### Requirement
Could you repeat the listing below exactly while leaving its pictures behind?

### Given data
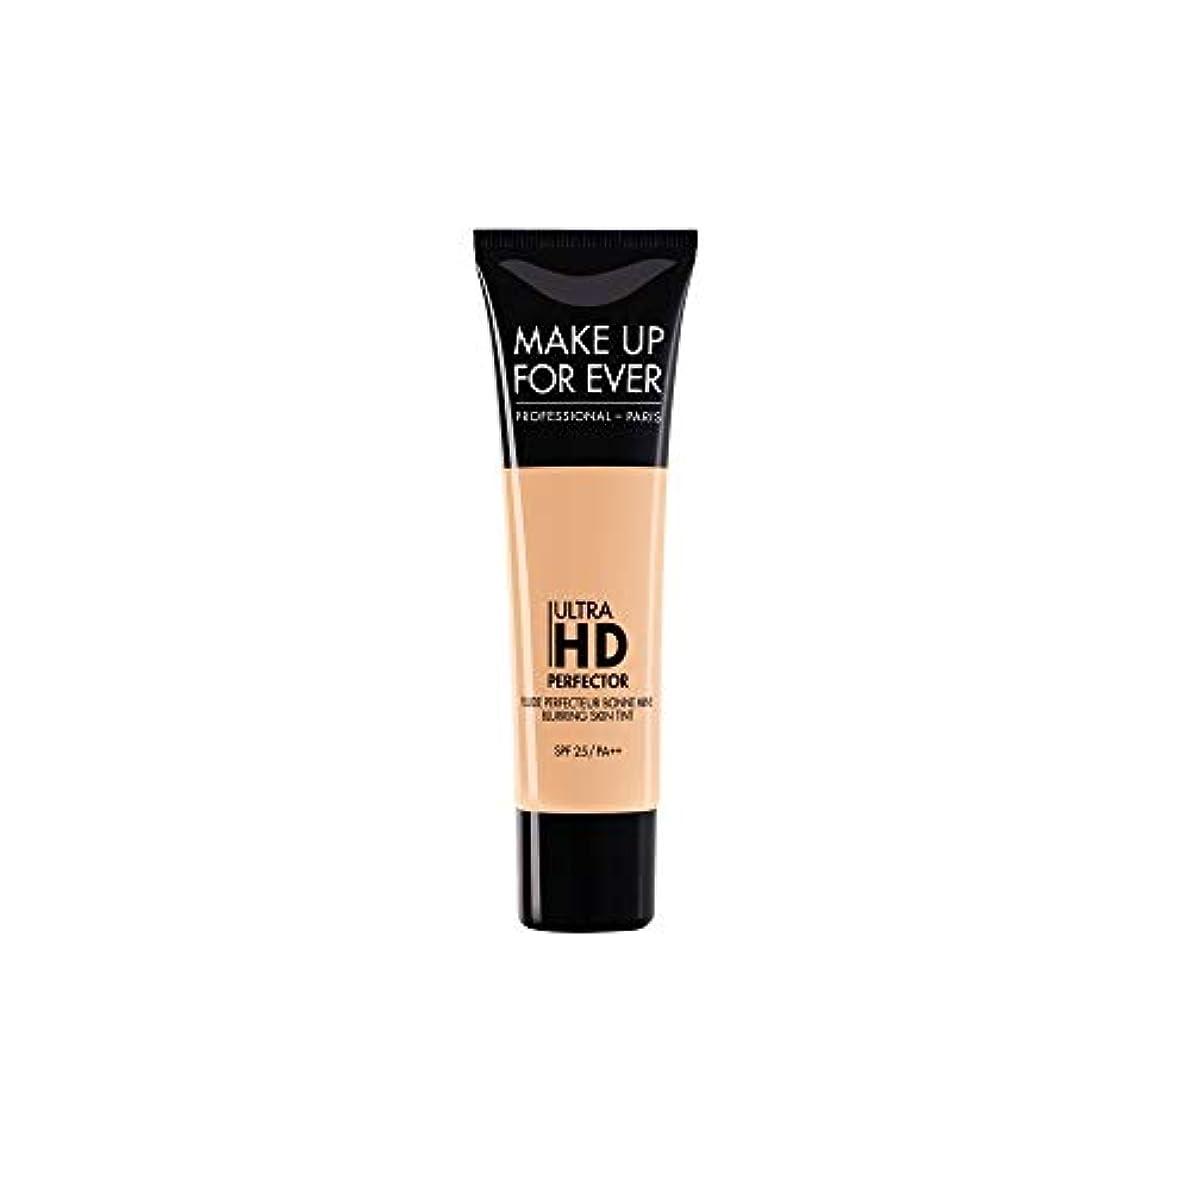 スポット重要かび臭いメイクアップフォーエバー Ultra HD Perfector Blurring Skin Tint SPF25 - # 05 Sand 30ml/1.01oz並行輸入品
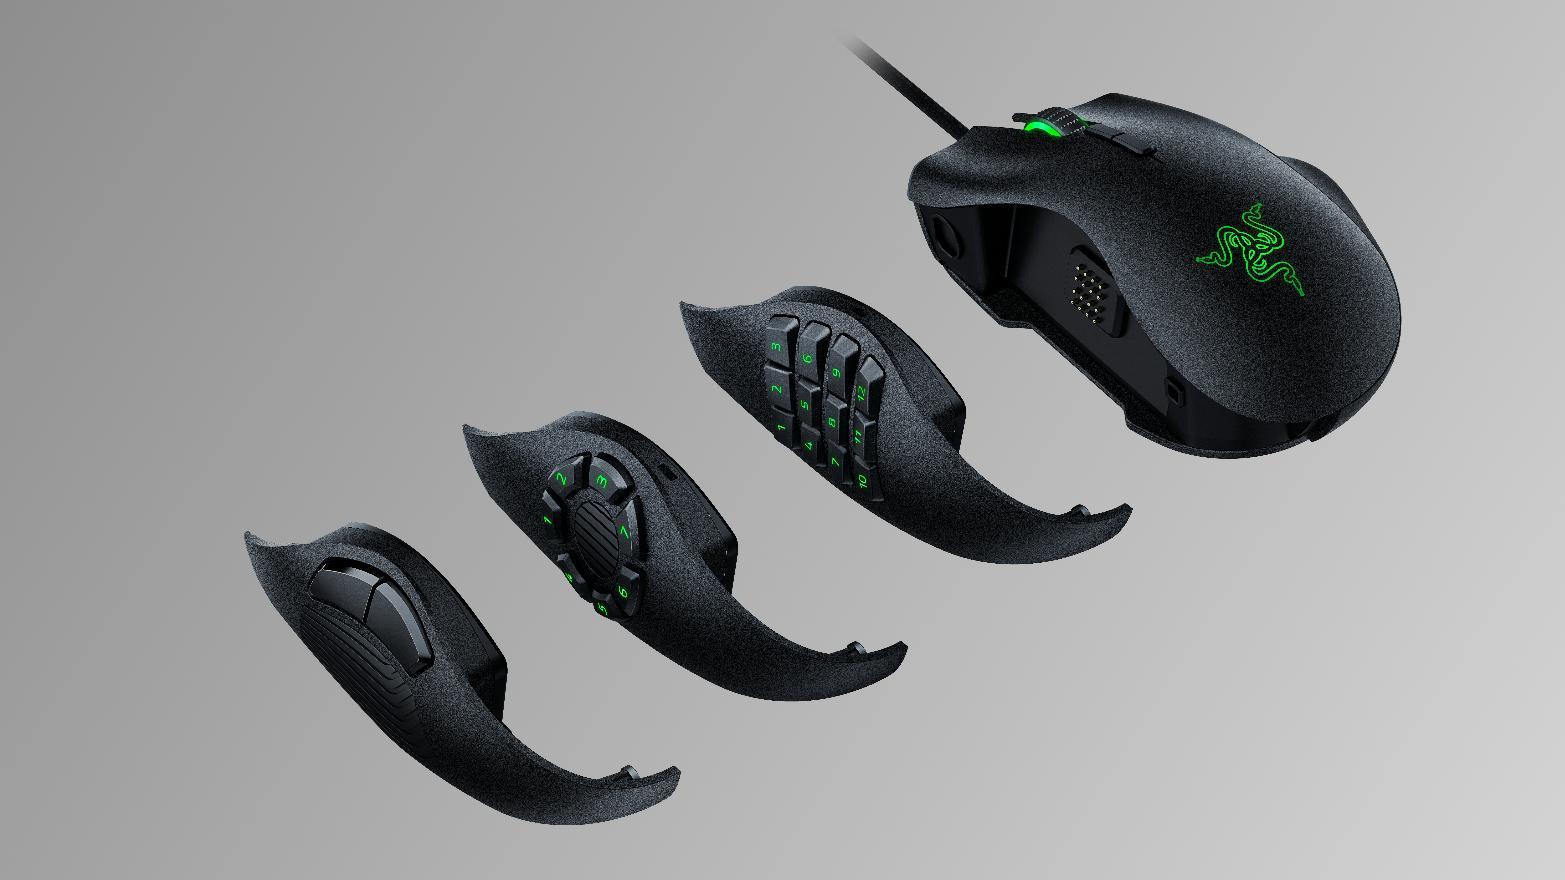 Razers nye spillmus kommer med knapper du kan bytte ut
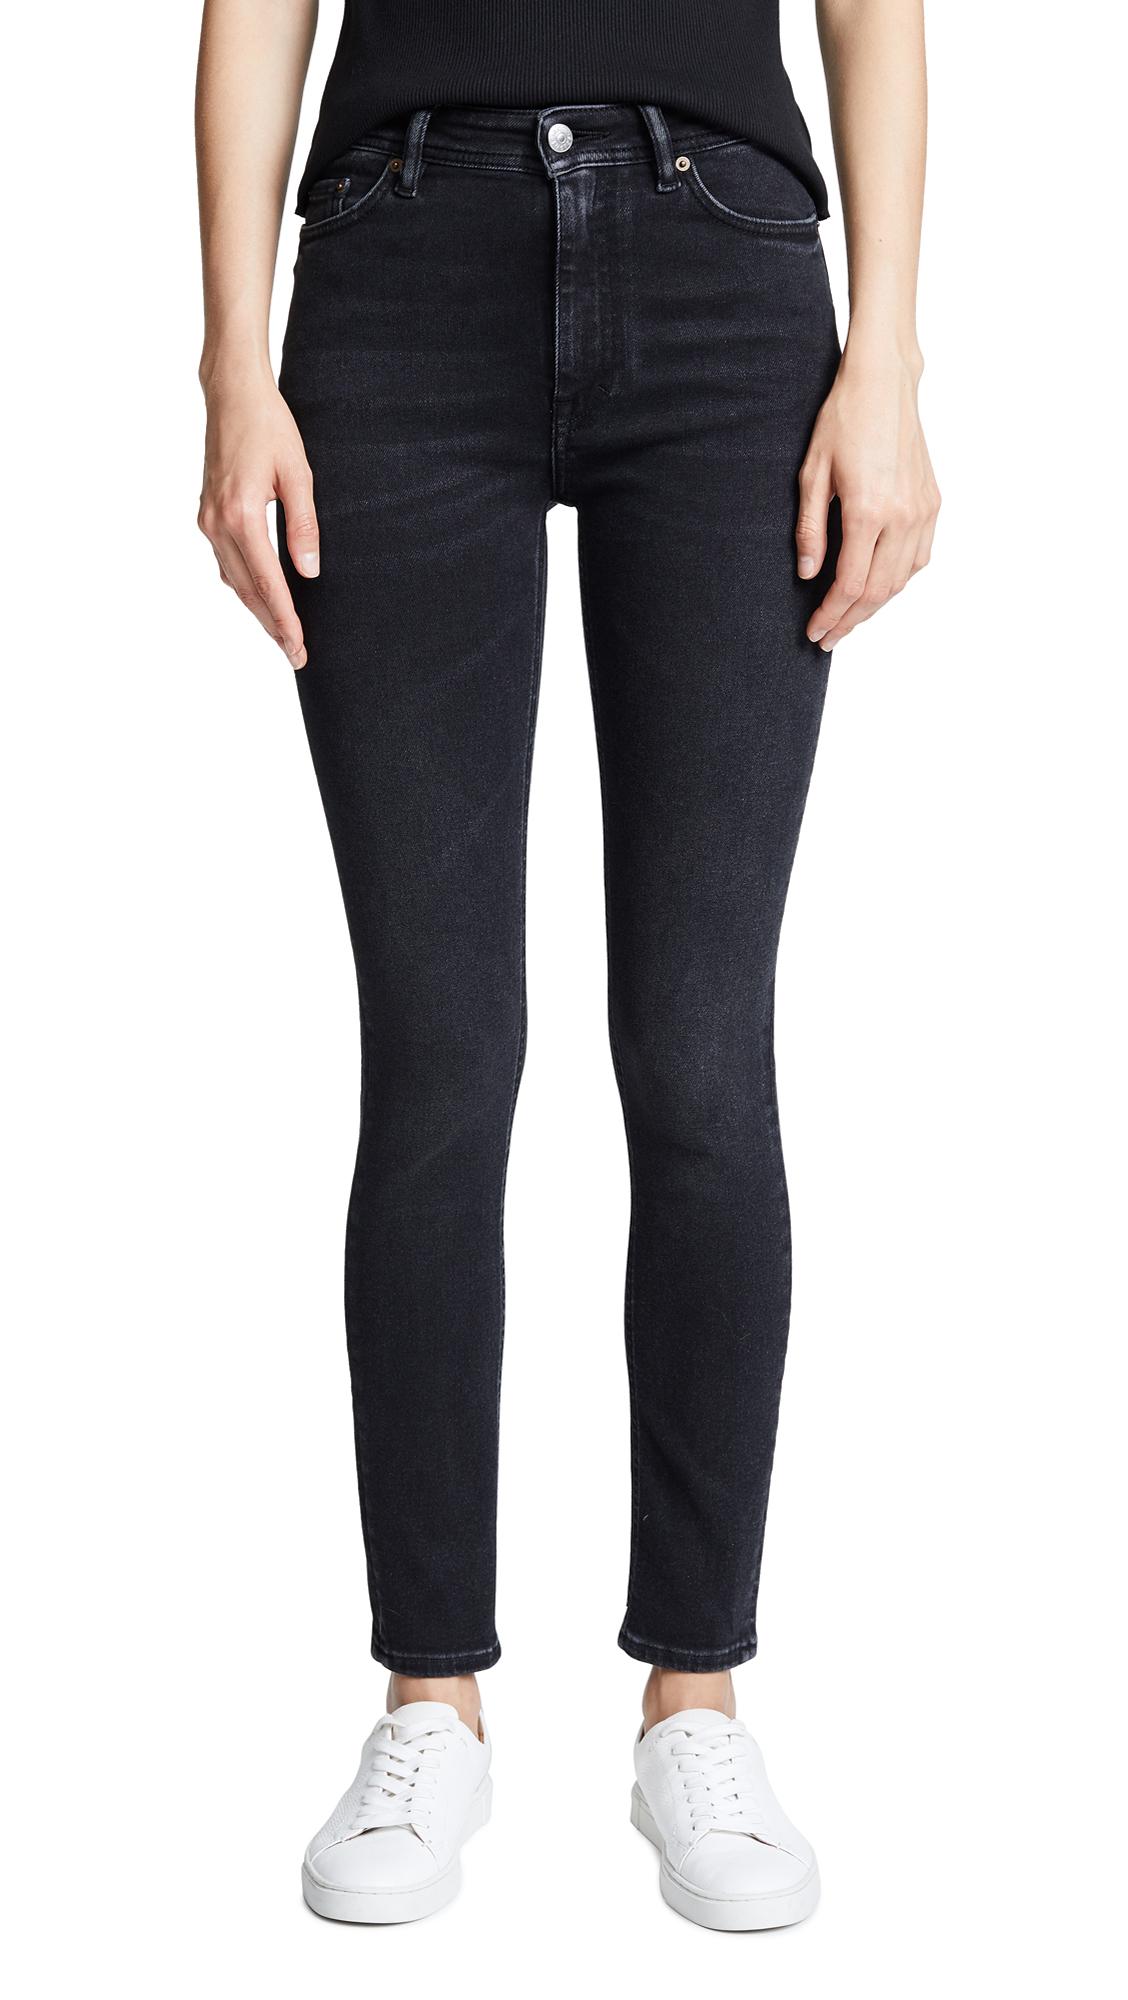 Blå Konst Peg High-Rise Skinny Jeans in Used Black

### Exercise response
 スポット重要かび臭いメイクアップフォーエバー Ultra HD Perfector Blurring Skin Tint SPF25 - # 05 Sand 30ml/1.01oz並行輸入品
 Razers nye spillmus kommer med knapper du kan bytte ut
 Blå Konst Peg High-Rise Skinny Jeans in Used Black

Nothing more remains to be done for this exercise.